Flowers | TV preview by Steve Bennett

Flowers

Note: This review is from 2016

TV preview by Steve Bennett

Flowers is certainly ambitious in its emotional scope. It's about depression and grief, troubled marriages and even more troubled children, repressed emotions and lost souls.

None of which sounds very funny, admittedly, but wunderkind Will Sharpe, who wrote, directed and stars in this all before his 30th birthday, has skilfully created a show that's filled with laughs, as well more than enough drama to you keep watching. No wonder Channel 4 have stripped Flowers across every night this week… it's definitely a Netflix-era series begging to be binged-watched.

Sharpe has achieved this via an ensemble of characters whose extreme weirdness could be outrageously silly. Yet with the aid of an A-grade cast led by Olivia Coleman and Julian Barratt, it's made perfectly credible, at least within the strange demimonde they inhabit.

Barratt is Maurice Flowers, a children's author whose dark Roald Dahl-style fantasies chimes with his depressed life in a higgledy-piggedly rural home, isolated both physically and metaphorically from the rest of humanity. In the opening scene he hangs himself – unsuccessfully – setting the tone of dark farce that prevails.

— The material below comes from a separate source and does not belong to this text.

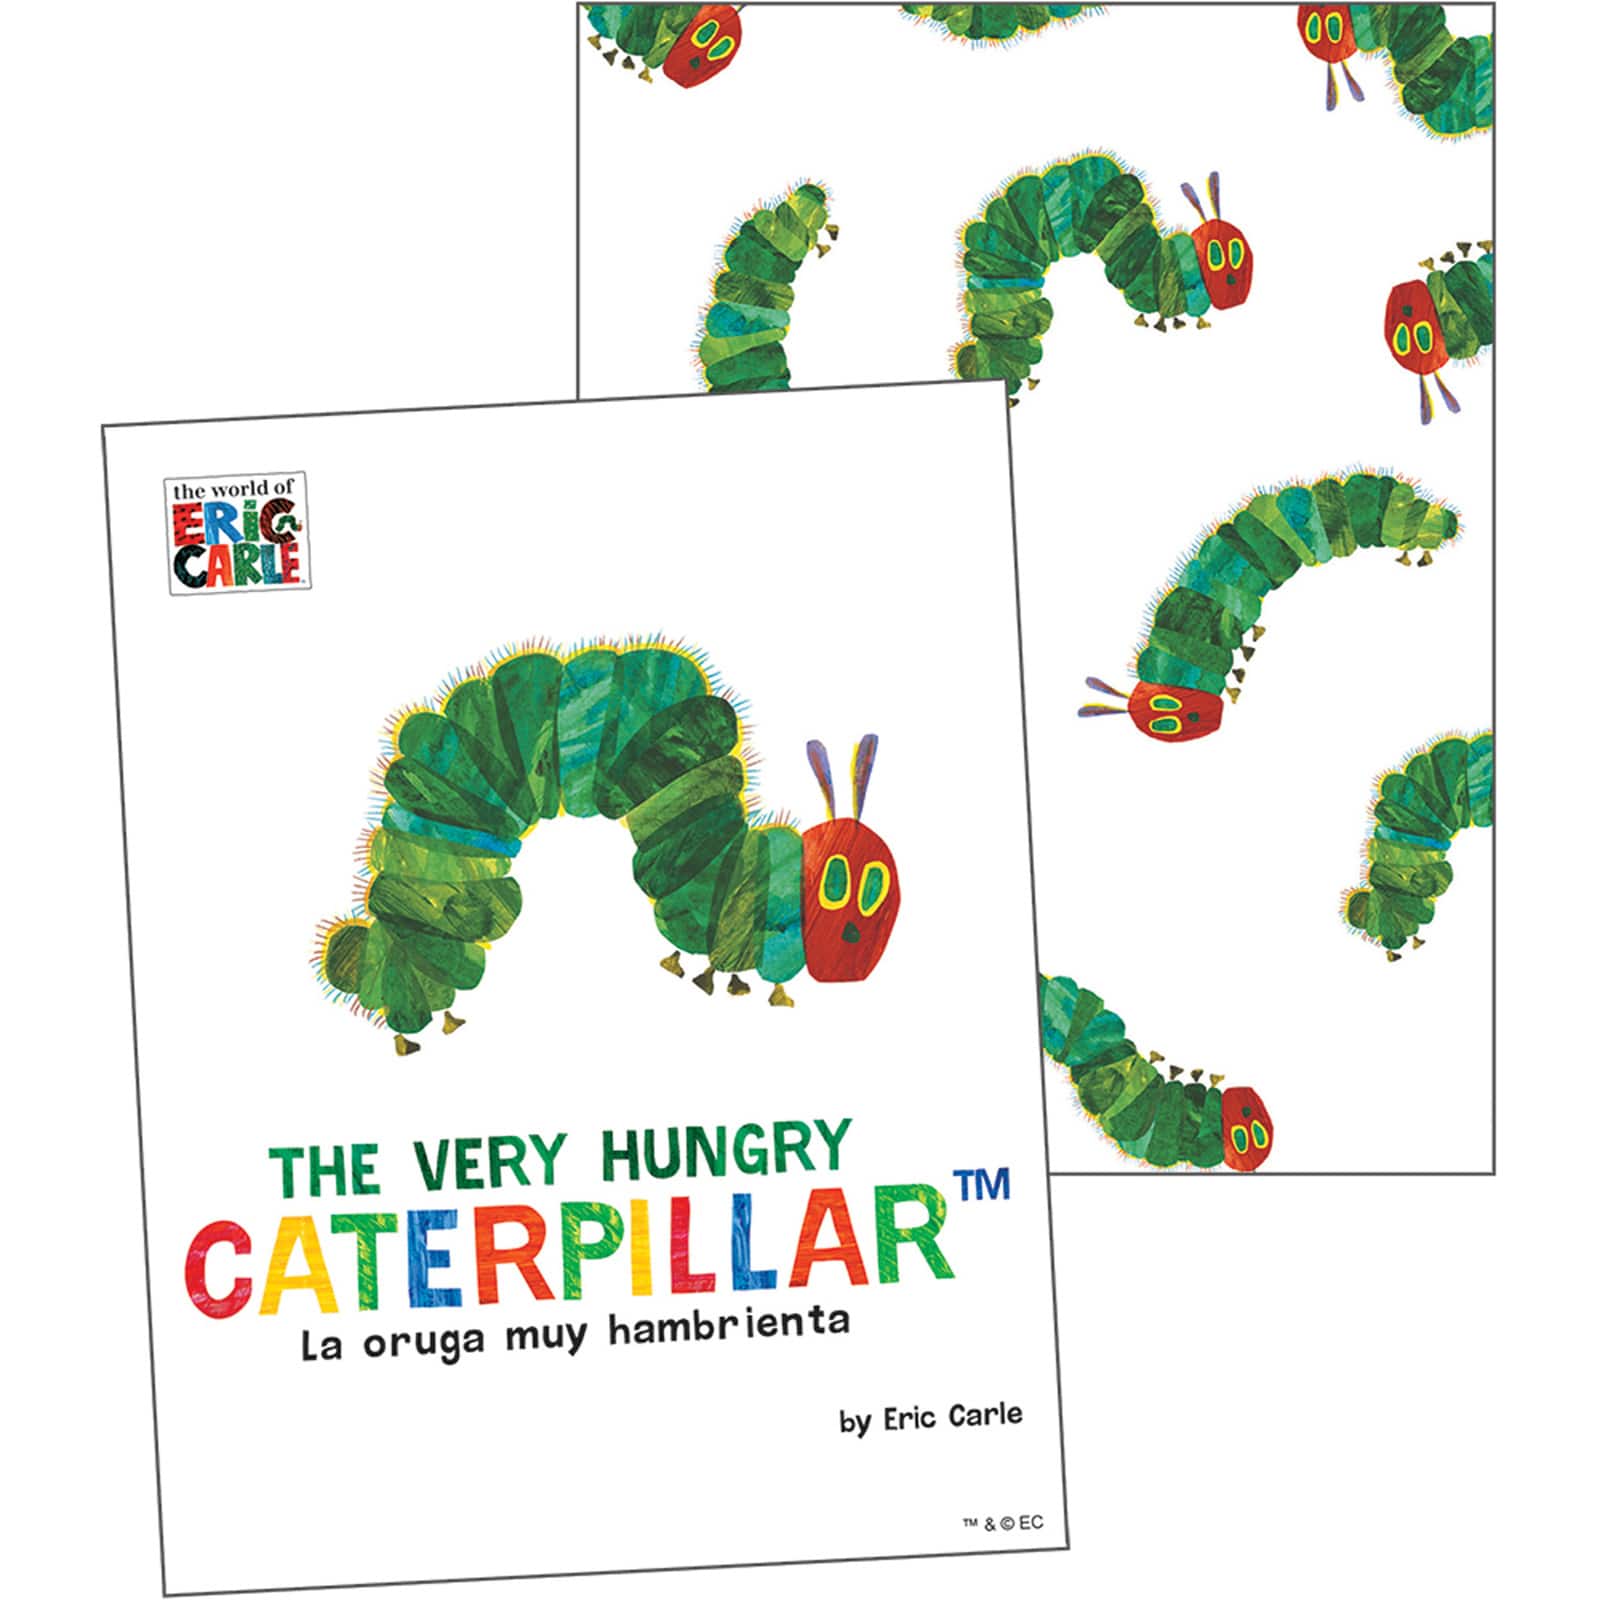 PACK OF 6 ERIC CARLE POSTCARDS THE VERY HUNGRY CATERPILLAR SET NEW WORDS CAKE 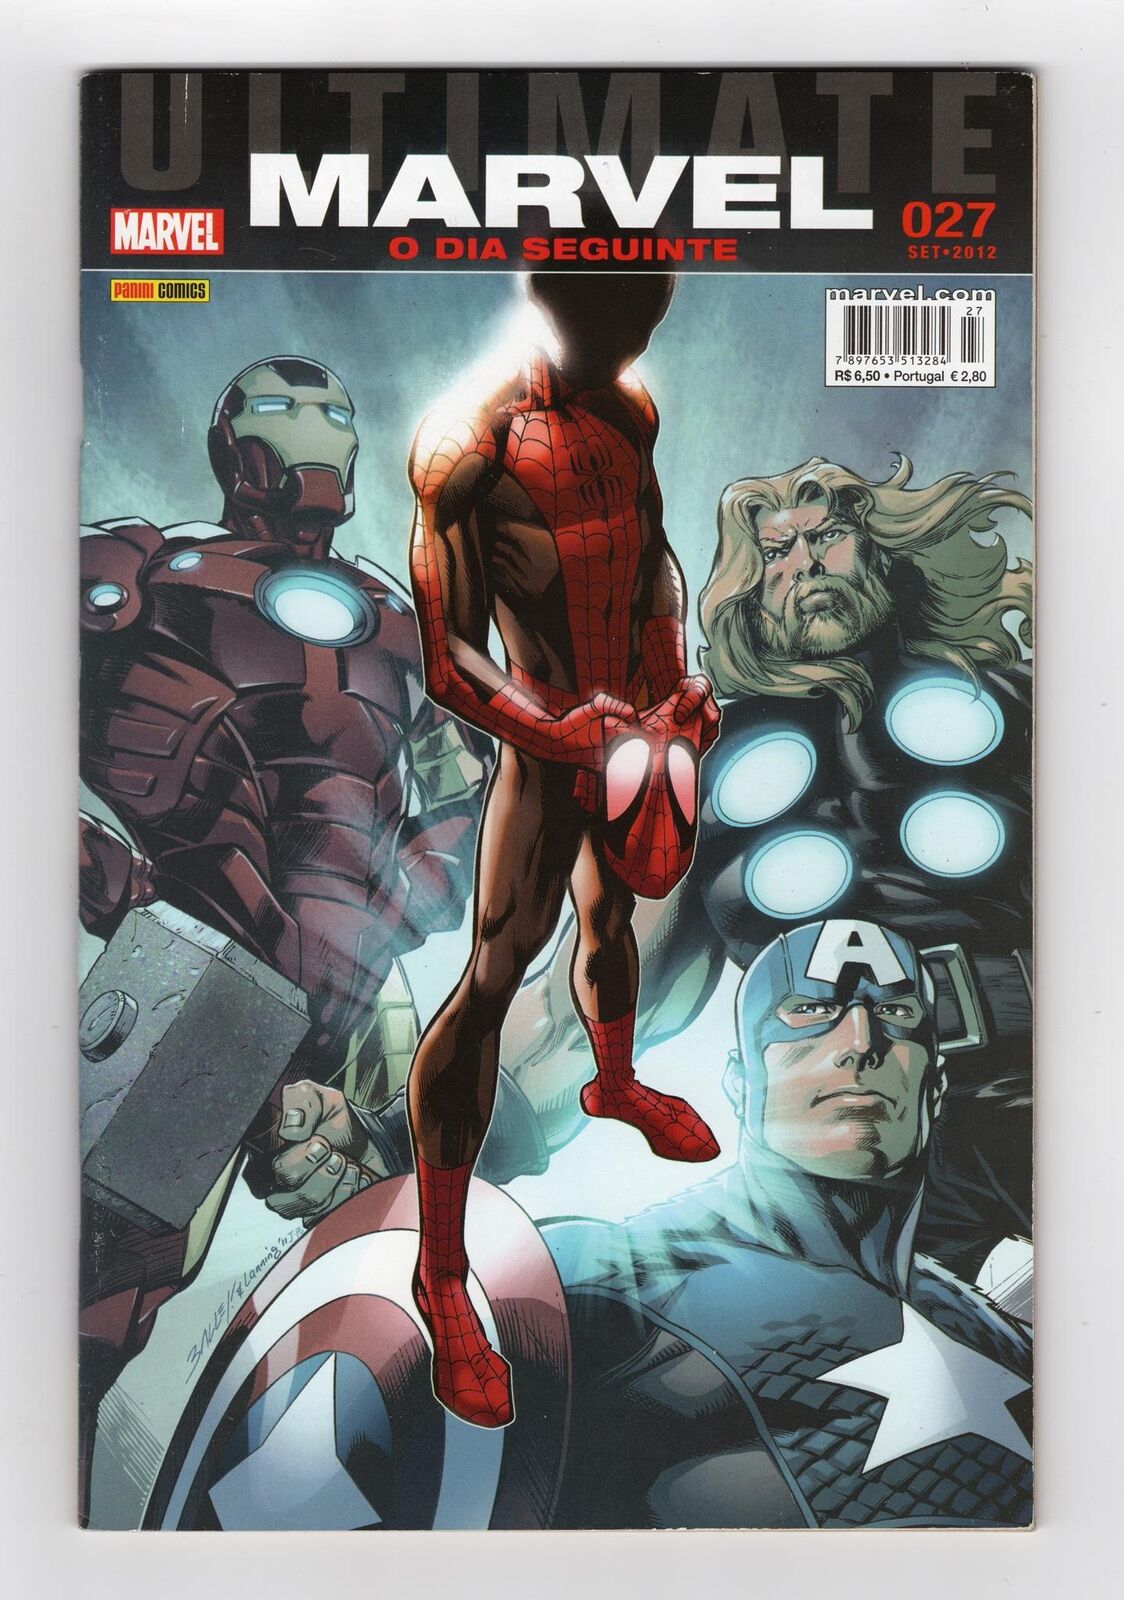 2011 MARVEL ULTIMATE FALLOUT #4 1ST APPEARANCE OF MILES MORALES KEY RARE BRAZIL

He's married to Deborah (Coleman), a music teacher whose chipper manner is a perfect example of middle-class repression, almost manic as she laughs at every social awkwardness happening around her.

Though their marriage plumbs new depths of dysfunction, they are the only couple still together in a series populated by the divorced and the widowed. Barry, played by Colin Hurley, is agonisingly pathetic in his overtures towards Deborah; in contrast George (Angus Wright), has a libido hotter than the sun, coming on heavy to both her and, later in the series, her sister, another divorcee played with wonderful desperate brio by Four Weddings' Anna Chancellor.

Then there are the Flowers children, arrested-development twins still living at home at 25, which Deborah sees as a testament to their fine parenting. Never mind that Donald (played with wonderfully psychotic deadpan by Daniel Rigby) is a weirdo would-be inventor who forms connections with pliers easier than he does with fellow humans; or that Amy (Sophia di Martino) is a tormented goth wallowing in miserable self-pity.

Such misfits all have trouble in their souls, with the super-optimistic Japanese illustrator Shun, played by Sharpe himself, the only broad comic counterpoint, the silly foreigner with a penchant for explicit cartoons – though we're promised that he, too, becomes more complex as the series progresses.

Sharpe's skill is in balancing the serious undertow with the outrageous behaviour that provides the laughs. He shares with Julia Davies a talent in drawing the humour from the dark, credibly not gratuitously.

Having previously co-written and co-directed the acclaimed indie film Black Pond, one of Chris Langham's few projects since his downfall, Sharpe can rightly stake a claim to be a genuine comedy auteur on the back of this original and compelling work.

• Flowers starts with a double bill at 10pm tonight.